Swift has developed small business online lending services based on alternative and traditional credit evaluation criteria.

The deal is part of PayPal’s effort to ramp up its Working Capital unit to foster strategic lock-in for small business merchants.

Quick Take

Financial services technology company PayPal (PYPL) has announced an agreement to acquire small business financing company Swift Financial for an undisclosed amount.

Swift provides business loan and short-term financing underwriting to small businesses.

PayPal is acquiring Swift to bolster its Working Capital unit as a strategic move. It seeks to provide a range of financial services to small business merchants that help to solidify and deepen their relationship within PayPal’s platform.

Target Company

Wilmington, Delaware-based Swift was founded in 2006 to streamline the process of providing cash advances and loans to small businesses in the U.S.

Management is headed by founder and CEO Ed Harycki, who was previously director of business lending at MBNA America and founder and CEO of Accucard.

Swift’s main offerings are two financial products:

  • Business Term Loans
  • Working Capital Advances

The company states that it has provided funding to over 20,000 businesses since inception.

Acquisition Terms and Rationale

Neither company disclosed the acquisition price or terms. PayPal did not file an 8-K that would have been required if the transaction had been a material amount, nor did it provide any change in forward financial guidance, so the transaction appears to be a non-material event.

PayPal is acquiring Swift in order to build on its underwriting capabilities within its PayPal Working Capital unit that it launched in 2013.

The two companies had previously worked together, so the deal likely has very low integration risk.

PayPal wants to build its small business financing capabilities as a strategic imperative that assisted in retaining small merchants has customers for its payment processing and other services.

As PayPal stated in the deal announcement,

We know and value Swift’s technology platform and people, and we believe their talent and capabilities will further strengthen our overall merchant value proposition. Building upon an existing commercial relationship, the acquisition of Swift Financial will enable us to better serve small businesses by enhancing our underwriting capabilities to provide access to affordable business financing solutions to more businesses to help them grow and thrive.

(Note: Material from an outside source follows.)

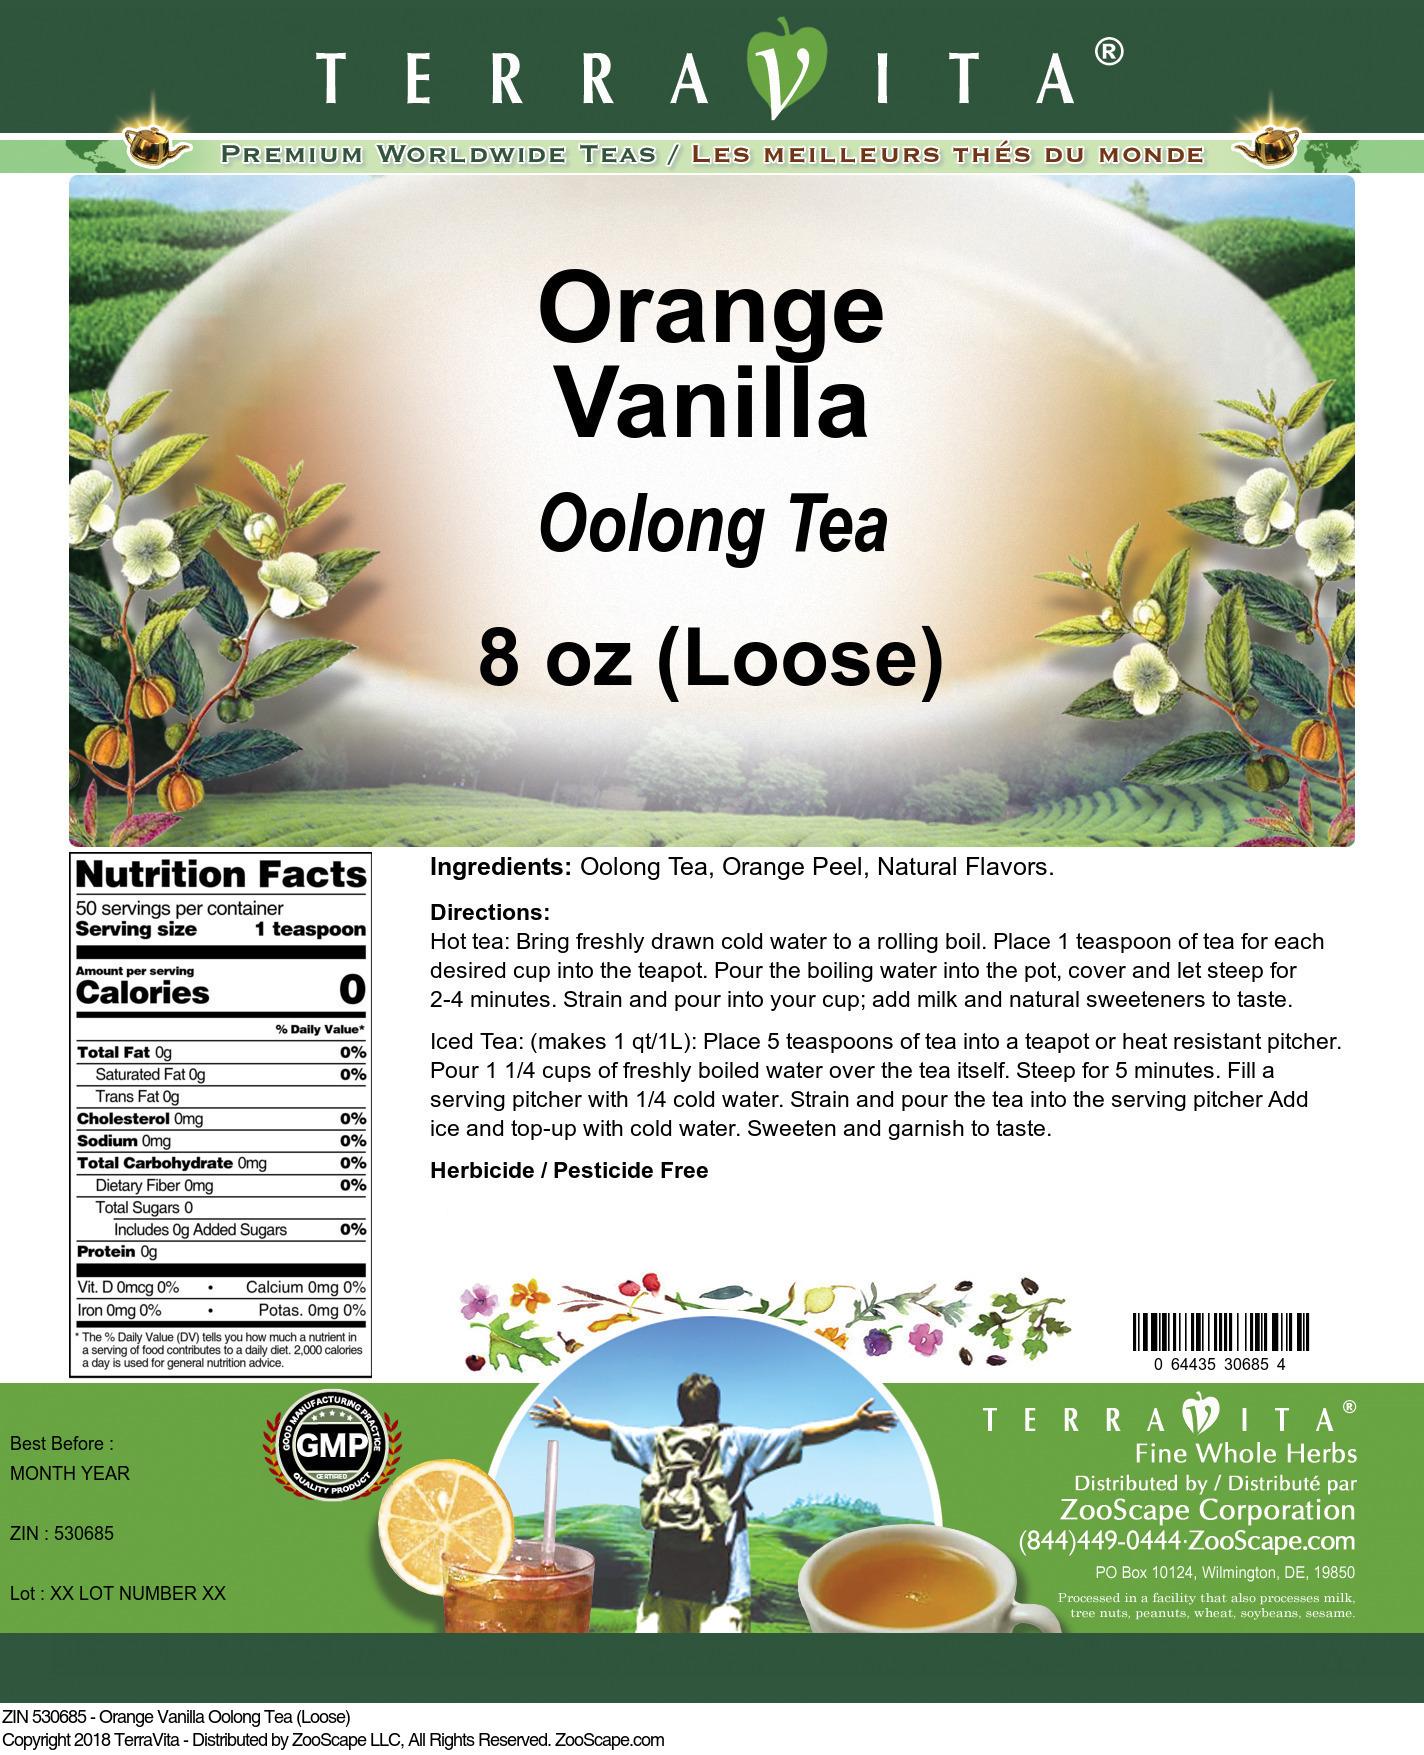 Orange Vanilla Oolong Tea

While PayPal Working Capital provides access to capital based exclusively on proprietary insights, Swift’s technology will allow us to assess supplemental information to more fully understand the strength of a business and provide access to complementary financing products to meet the needs of small and mid-sized businesses.

Swift provides additional underwriting data that can help PayPal ‘accelerate [its] efforts to democratize financial services,’ meaning, provide more loans to small businesses based on additional criteria that may be better than traditional credit evaluation.

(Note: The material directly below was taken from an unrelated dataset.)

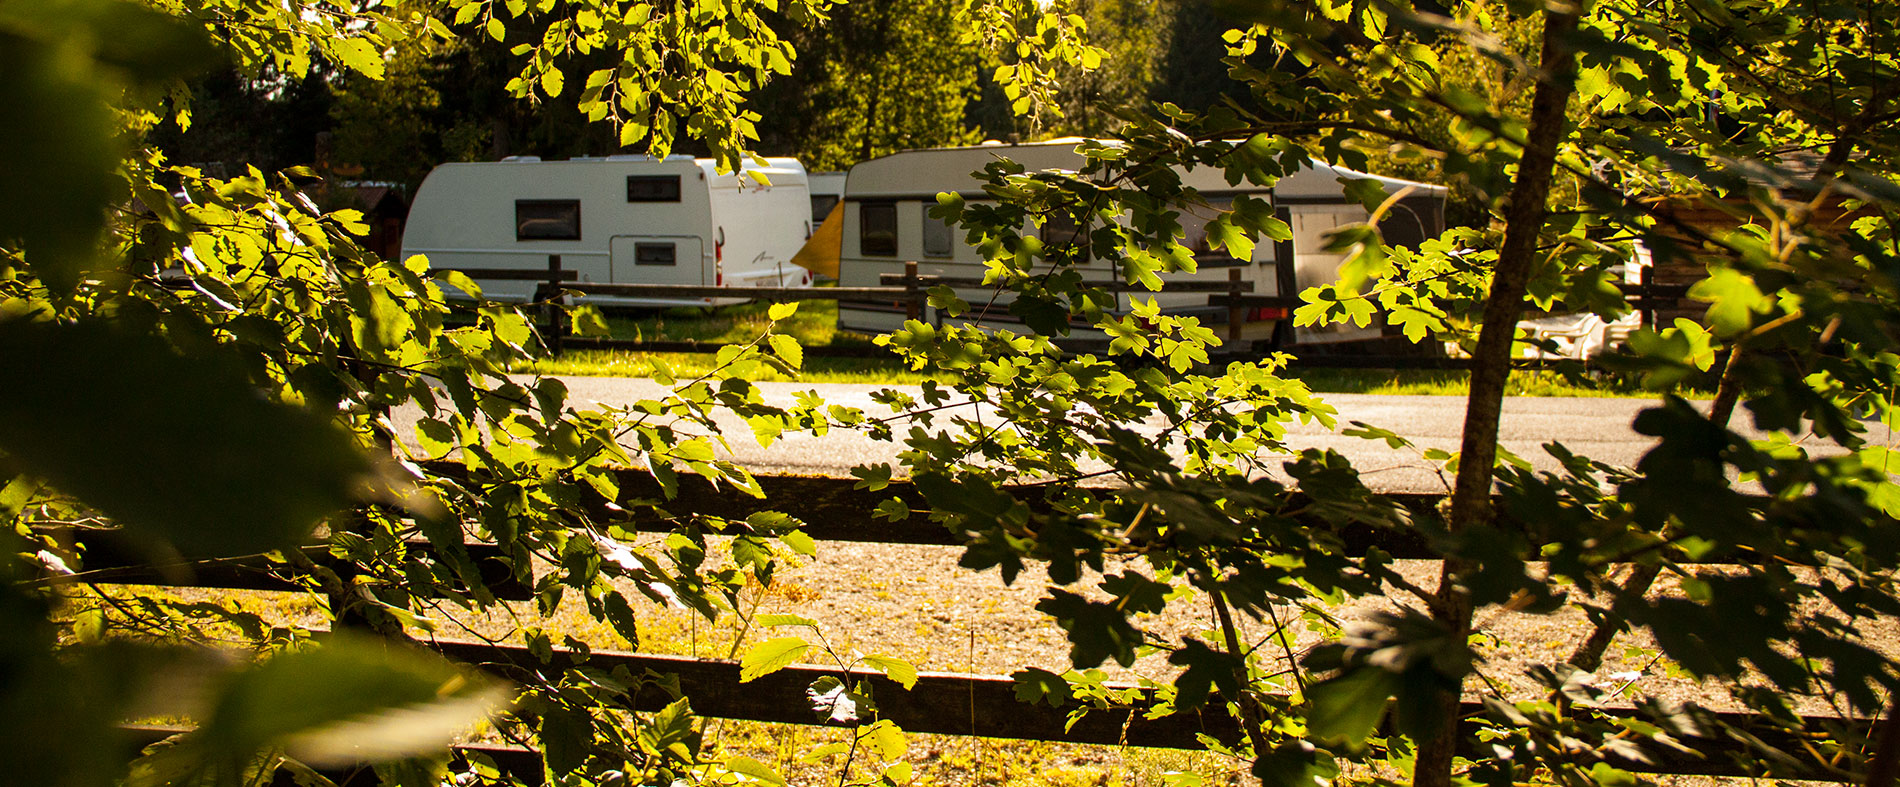 lightbox-camping-saignelegier-camping11

Since its launch in 2013, PayPal Working Capital has provided more than $ 3 billion in funding to 115,000 small businesses. Small business lending is proving to be a more lucrative aspect of online lending, especially when compared to consumer lending which has seen market turmoil in recent years through volatile peer-to-peer lending marketplaces.

The addition of Swift should be a net positive for PayPal as it seeks to provide a wider range of financial services to enhance small business merchant lock-in to its platform.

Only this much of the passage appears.